O júri após pensar e analisar muito bem os candidatos deu seu veredicto.
A minhoca é a vencedora. Embora seja ela um dos mais desprezados membros do reino animal, sem nenhuma beleza aparente, é ela a responsável por cavar inúmeros túneis na terra, os quais levam o ar atmosférico e mineral até as raízes de todas as plantas, fazendo-as crescerem fortes e saudáveis.
Qual a relação desta história com os jovens em questão? Pois bem, a minhoca não tem ouvidos, olhos ou nariz, apenas a boca. Sua importância, porém, é infinitamente superior à força do leão, à beleza da águia ou à inteligência da abelha e imprescindível para a vivência futura dos animais.
Assim é o jovem profissional de hoje, um ser humano que molda o futuro, mas que vivencia talvez a mais importante fase de sua vida, tendo em vista eventos significativos encontrados nesse período, tais como a descoberta de um mundo social e profissional diferentes à época pré-faculdade.
Um momento em que se começa a celebrar os primeiros sucessos profissionais, os primeiros artigos publicados, as primeiras palestras contratadas, os primeiros negócios fechados, a primeira especialização com um cargo significativo na empresa em que entrou (ou não) como estagiário, o primeiro noivado e tantos outros.
É uma fase maravilhosa, porém, um momento de despedida, pelo qual, com o passar do tempo vai substituído atitudes inerentes ao comportamento juvenil para assumir novas posturas. E está aí o problema!
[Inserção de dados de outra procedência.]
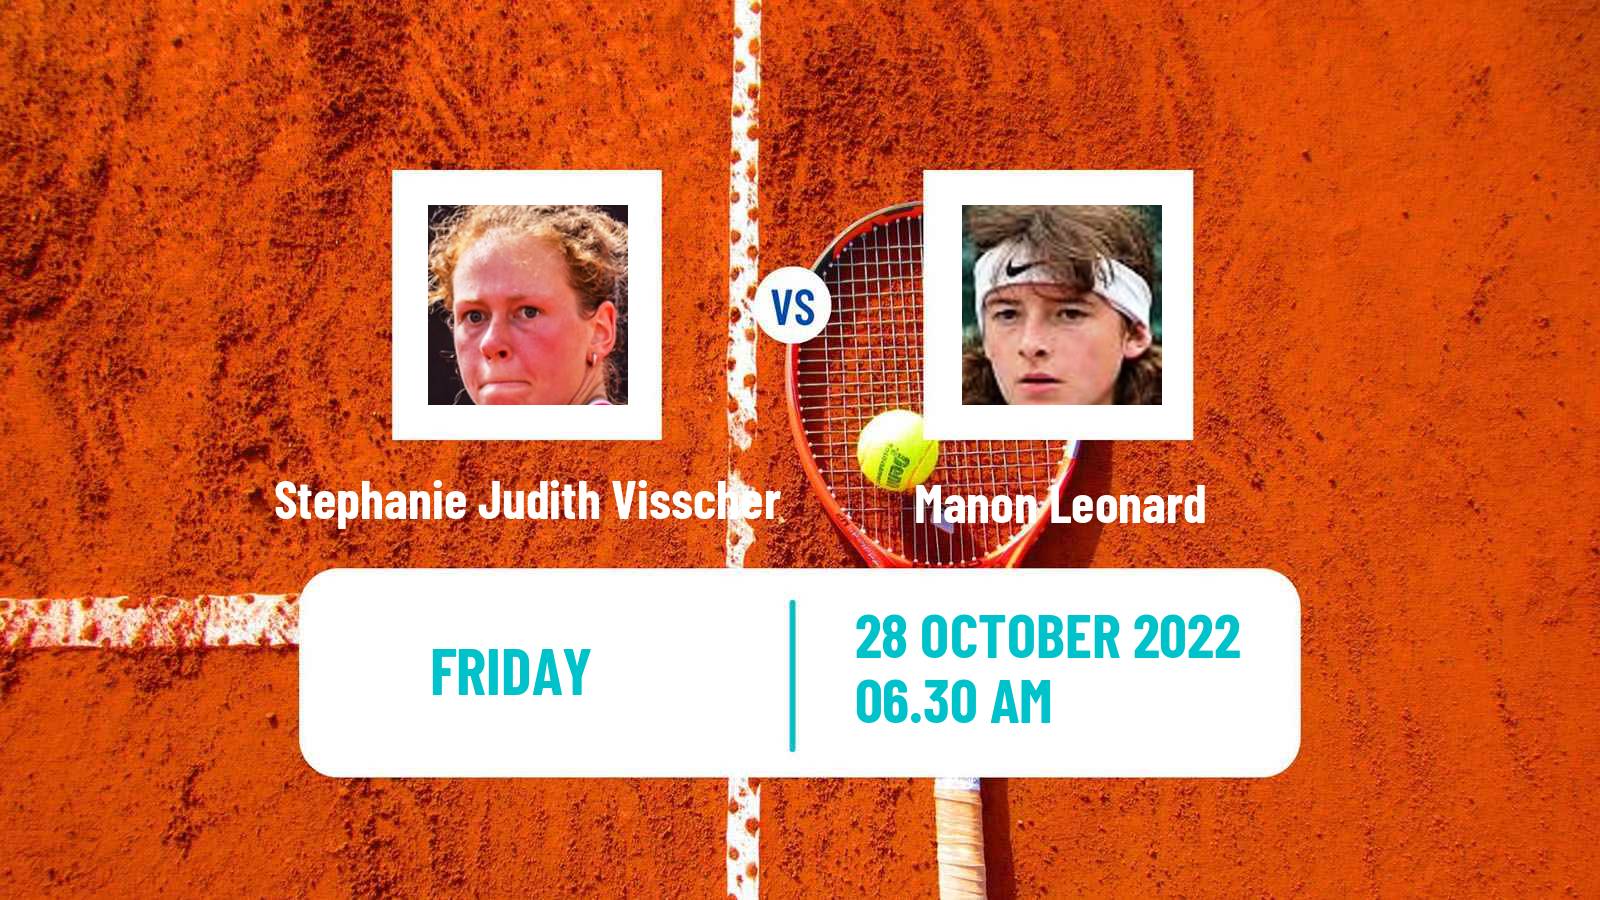 Tennis ITF Tournaments Stephanie Judith Visscher - Manon Leonard
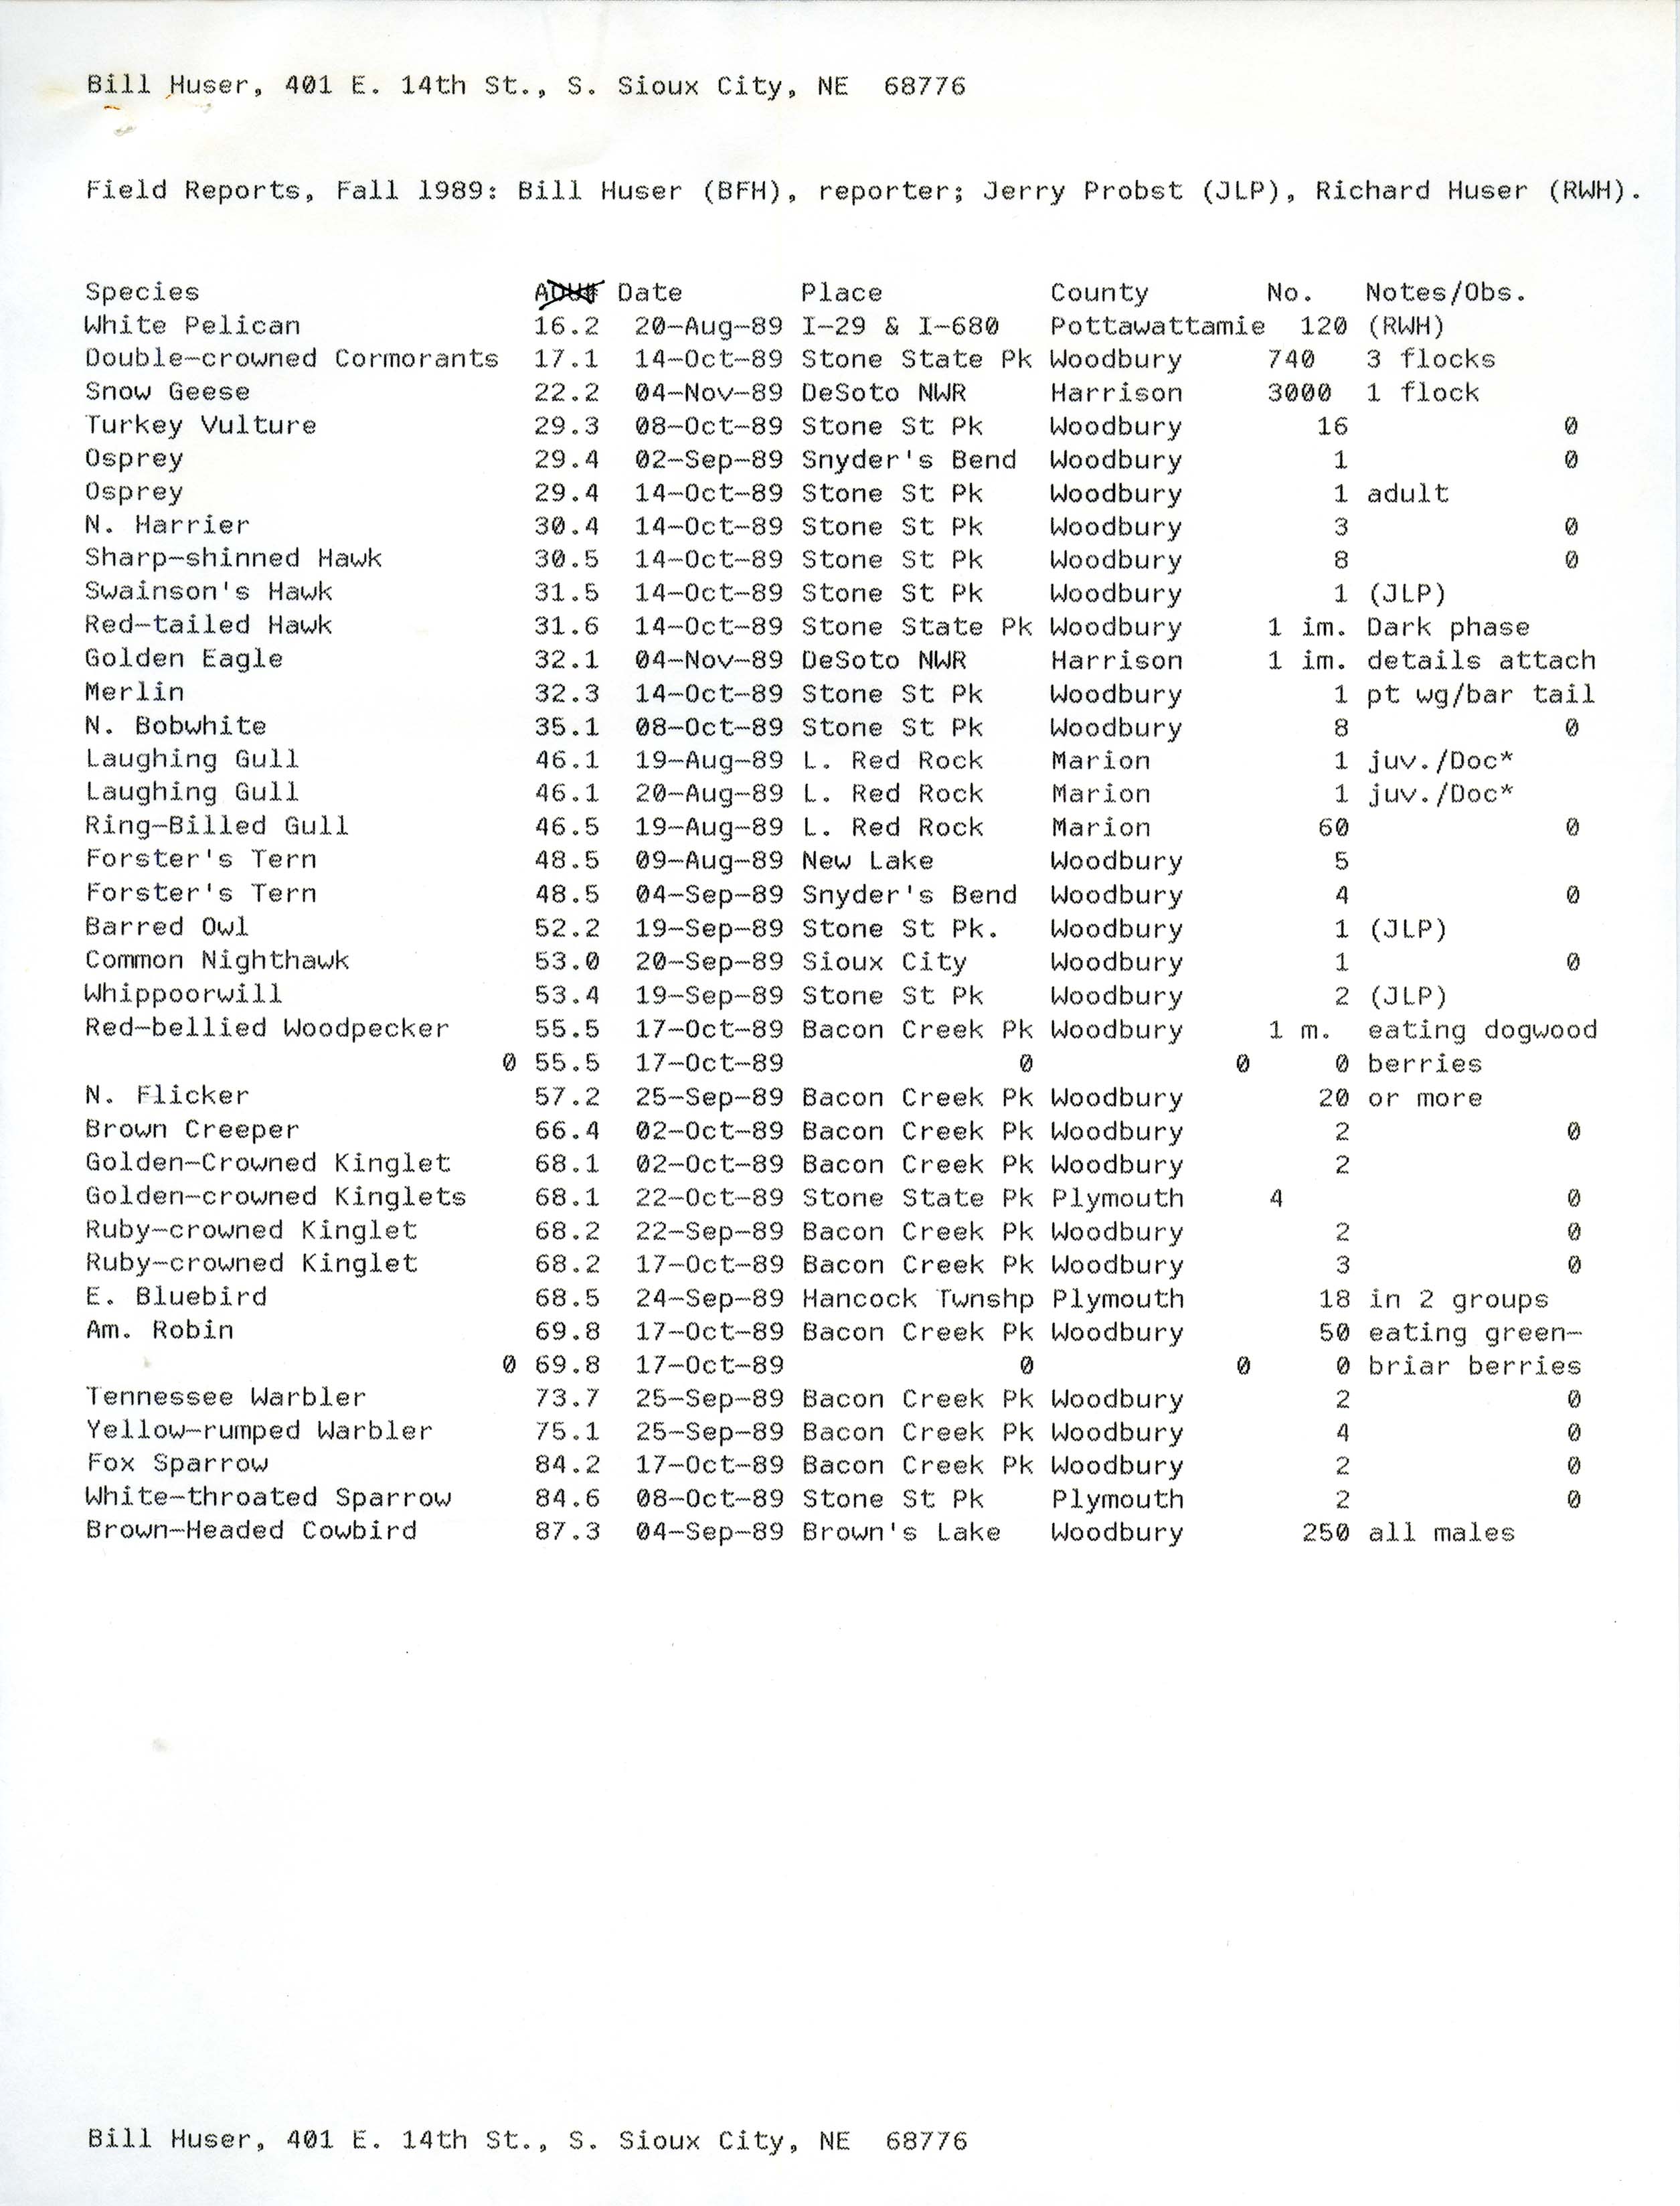 Field reports, Bill Huser, Jerry Probst, Richard Huser, fall 1989

A cobrança acadêmica e profissional acaba sendo tão forte que estes jovens buscam qualidade profissional a todo tempo e a todo instante (como na charge) que parece ser algo natural a estes, como algo que faz parte, assim como o papel da minhoca na natureza. Mas se fosse você, votaria na minhoca?
Acredito que não, pois não é tão óbvio imaginarmos a importância que a minhoca tem na natureza, assim como não é natural e nem óbvio que nossos jovens tenham que vivem em constante busca de aprimoramento profissional.
Estes jovens estão começando a perceber que estão perdendo a referência para a vida futura, transformando objetivos que antes era de longo prazo para curto prazo. Quantos jovens existem hoje com 30 anos já doutorados, com inúmeros livros publicados e uma carreira profissional estonteante, mas, e a vida amorosa, afetiva, social, familiar e até mesmo religiosa? Será que este desânimo, cansaço e sono não podem ser sintomas da excessiva cobrança da sociedade atual?